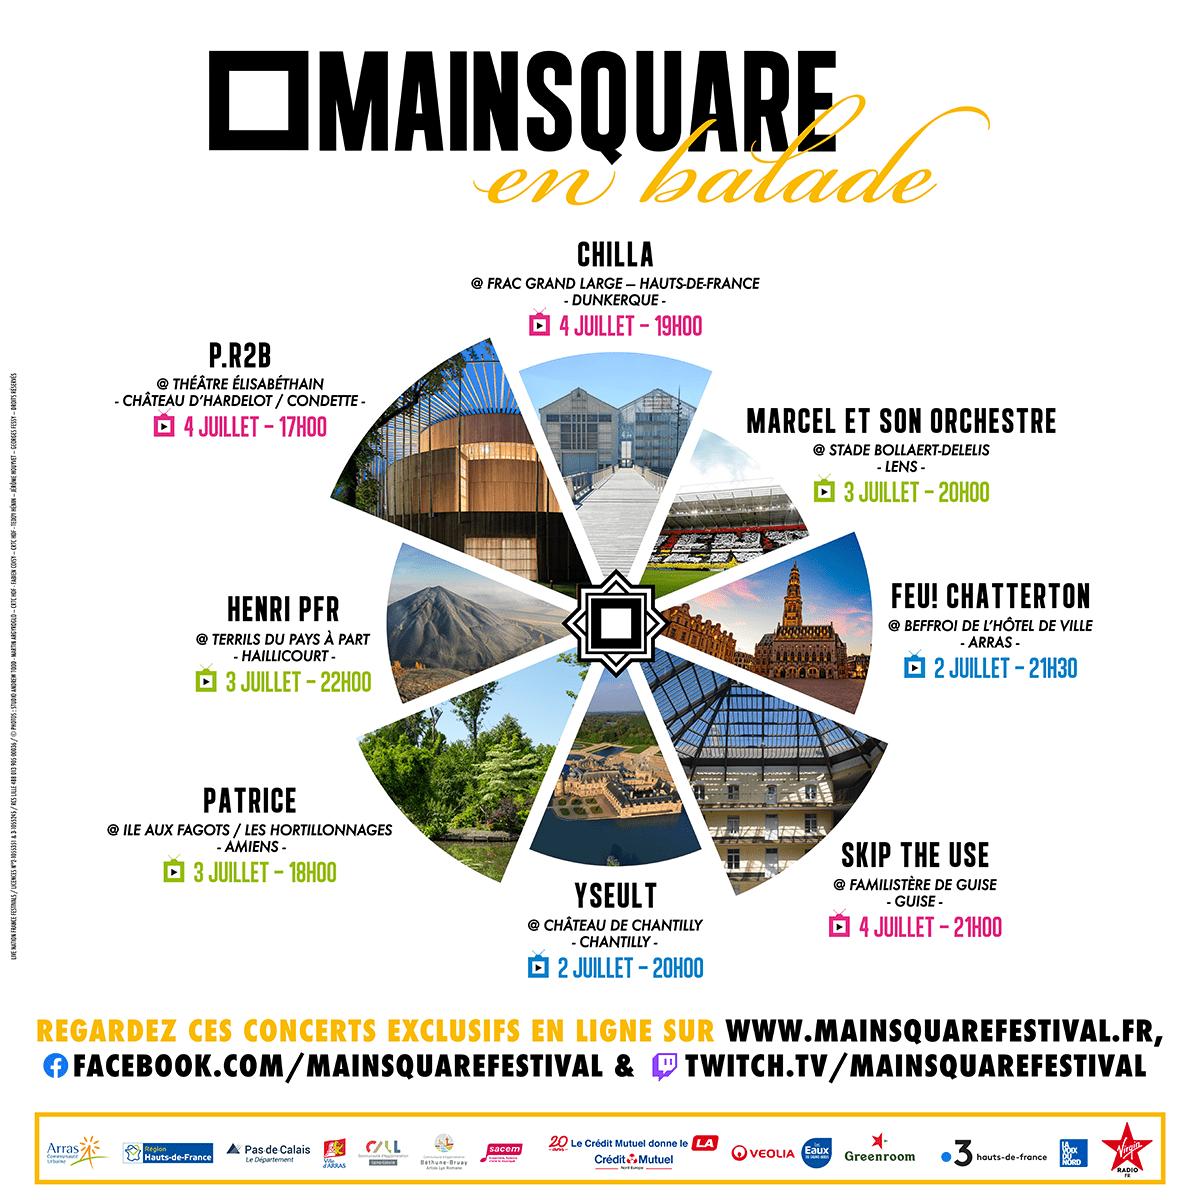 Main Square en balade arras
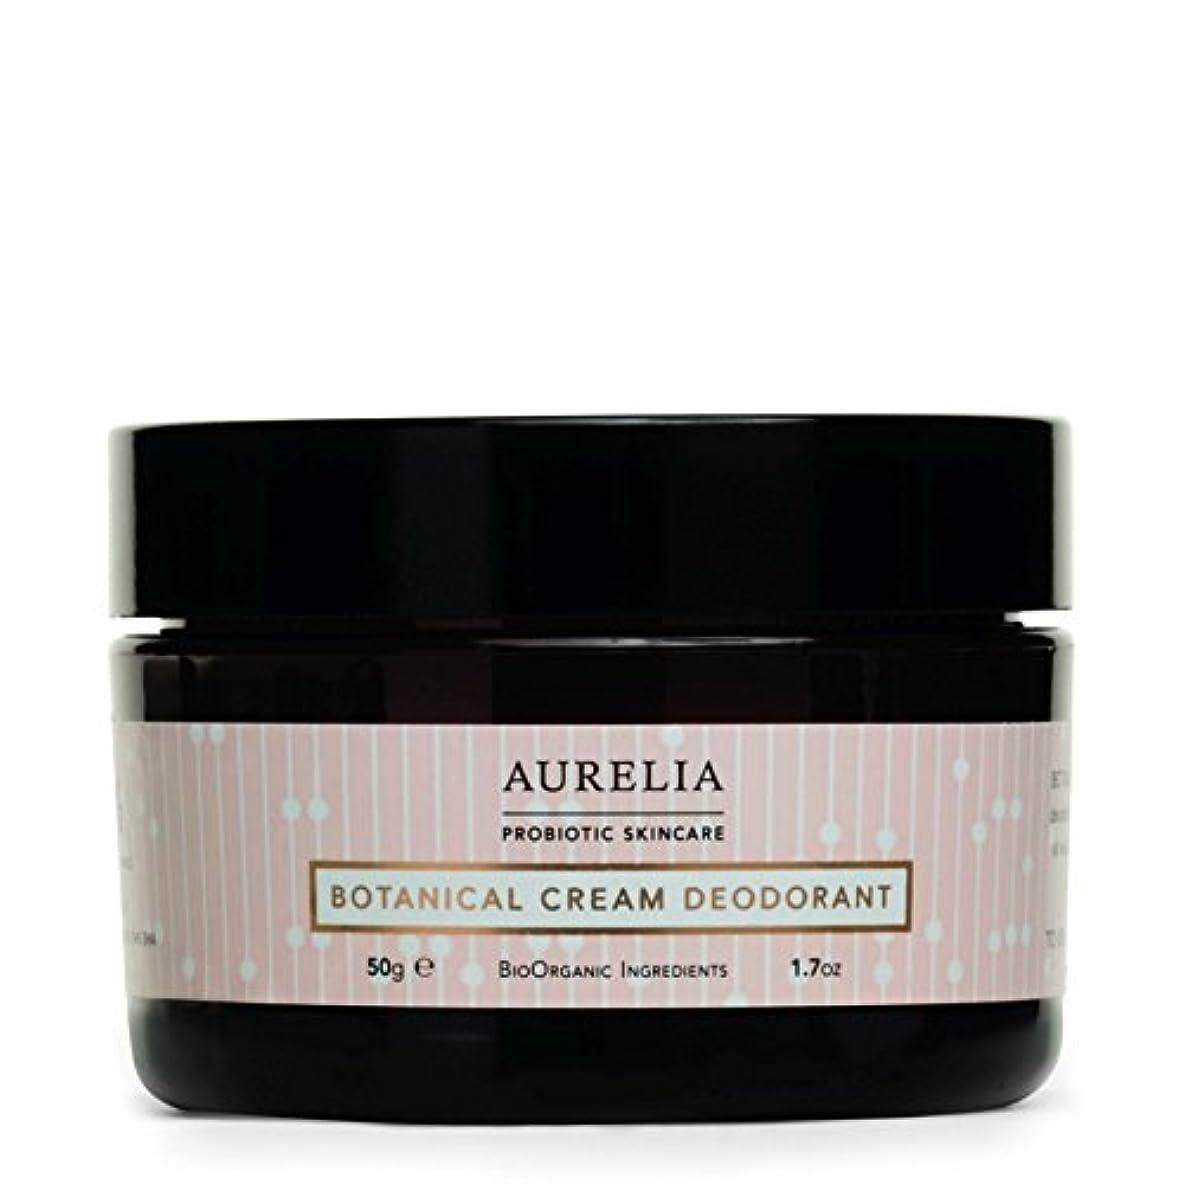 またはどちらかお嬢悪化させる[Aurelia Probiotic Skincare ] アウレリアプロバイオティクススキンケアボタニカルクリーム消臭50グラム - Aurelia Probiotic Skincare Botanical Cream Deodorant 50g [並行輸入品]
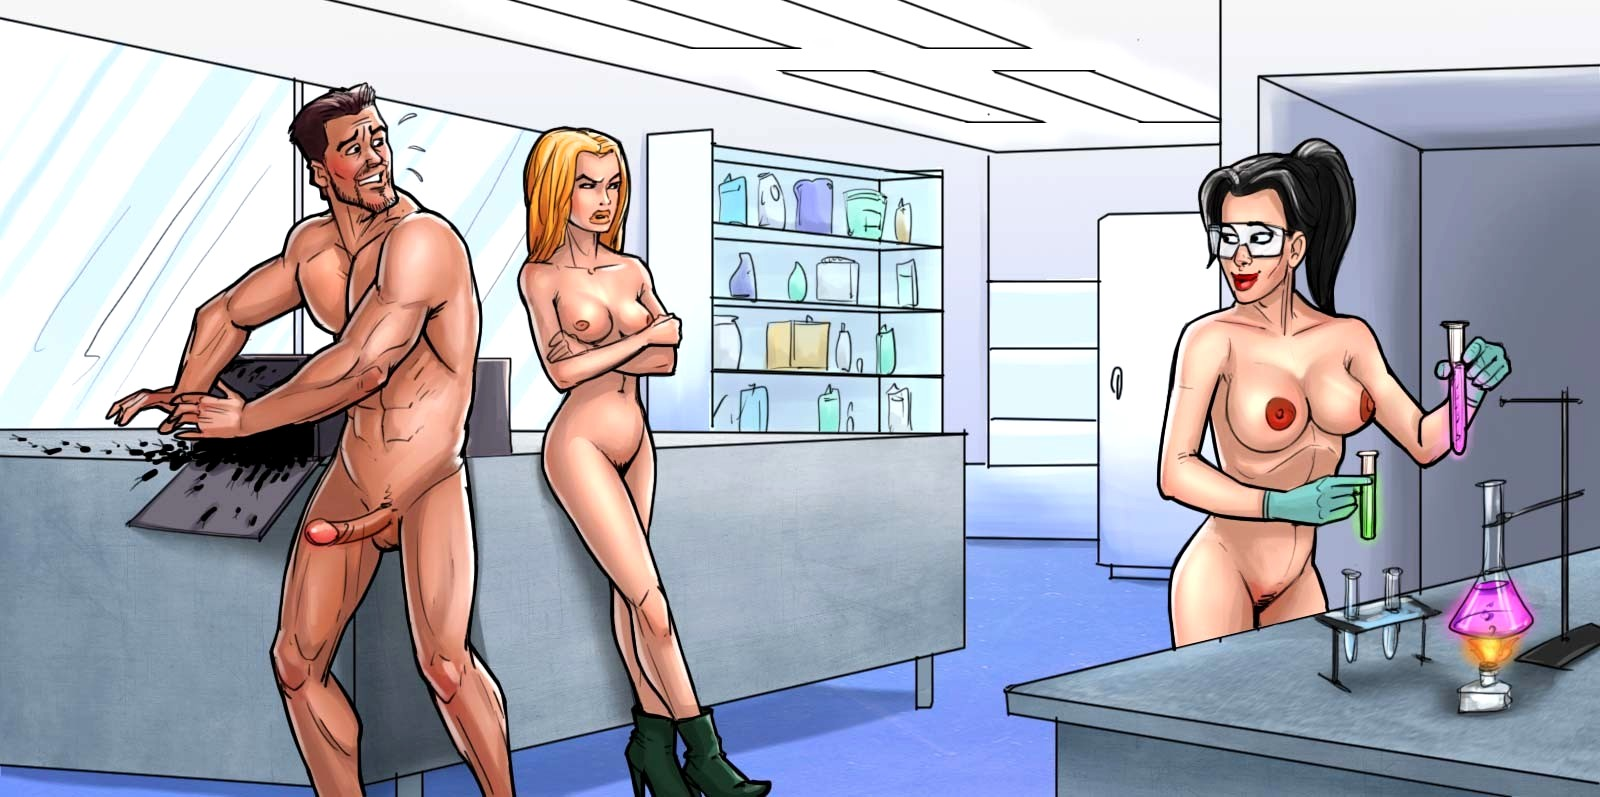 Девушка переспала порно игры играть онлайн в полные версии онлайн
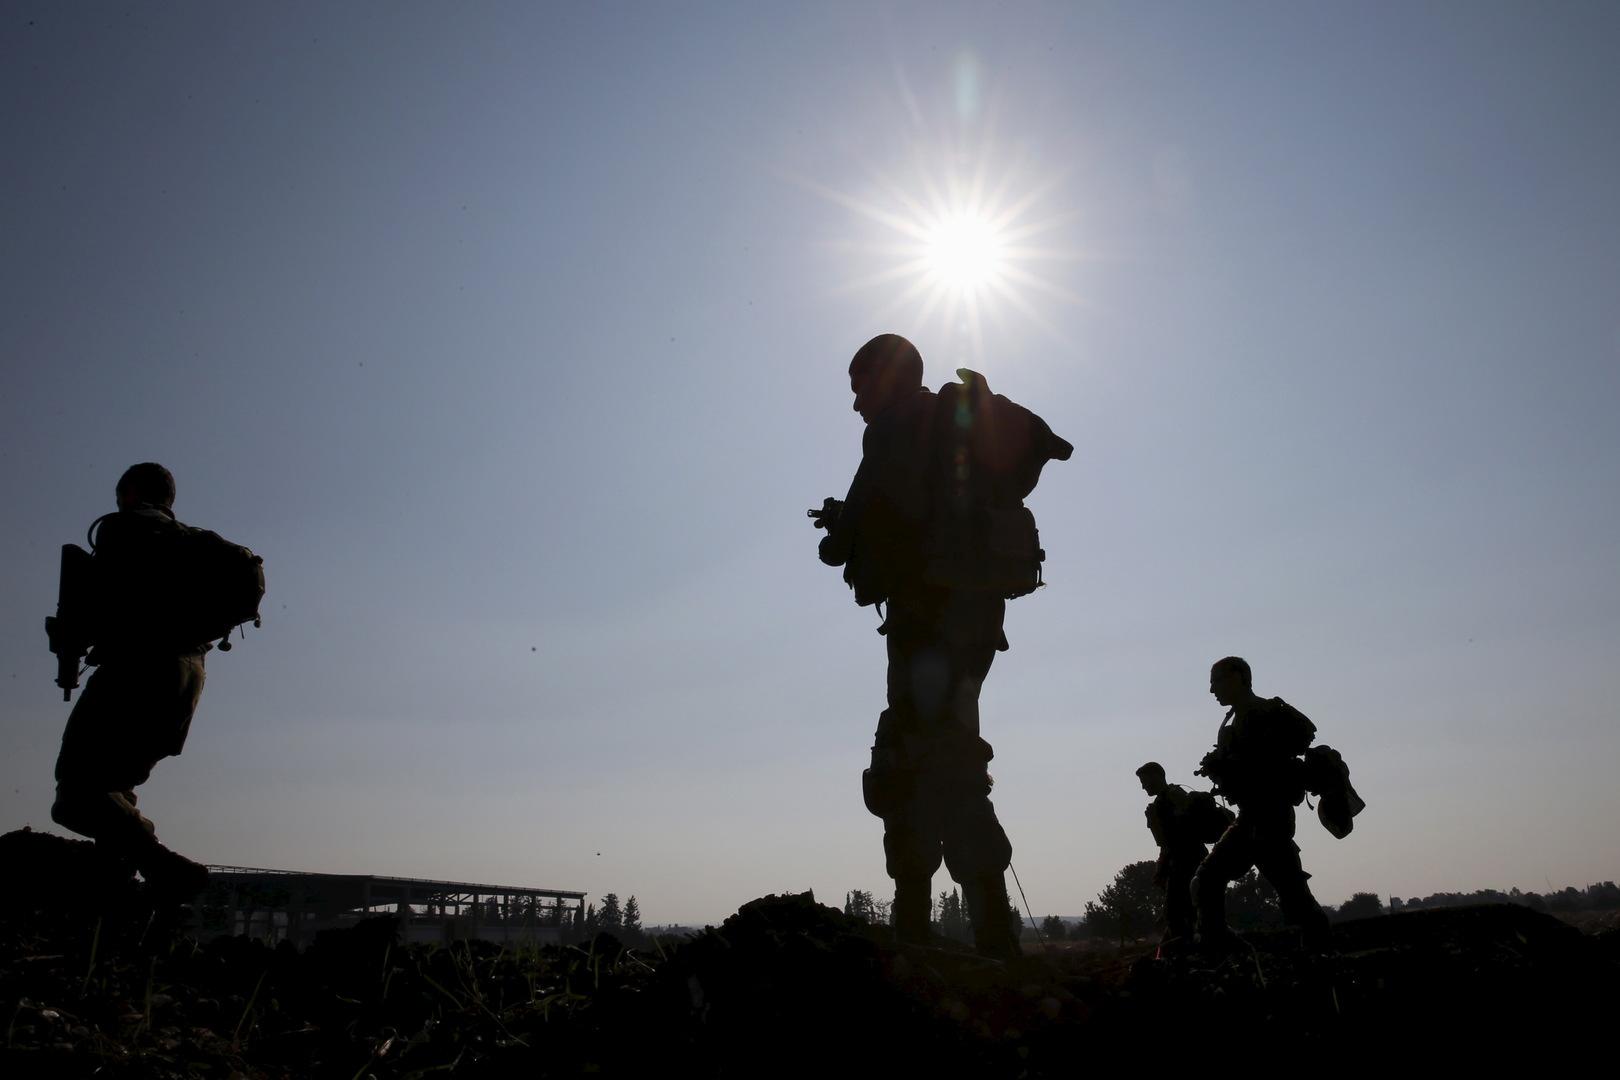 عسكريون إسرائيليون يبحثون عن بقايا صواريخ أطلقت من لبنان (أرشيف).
——
- ACTIVITY
What you return should be the exact lines from the one containing "またはどちらかお嬢悪化させる[Aurelia Probiotic Skincare" through the end of the listing above, both included, minus any pictures.

- RESULT OF THIS TASK
 またはどちらかお嬢悪化させる[Aurelia Probiotic Skincare ] アウレリアプロバイオティクススキンケアボタニカルクリーム消臭50グラム - Aurelia Probiotic Skincare Botanical Cream Deodorant 50g [並行輸入品]
 Девушка переспала порно игры играть онлайн в полные версии онлайн
 عسكريون إسرائيليون يبحثون عن بقايا صواريخ أطلقت من لبنان (أرشيف).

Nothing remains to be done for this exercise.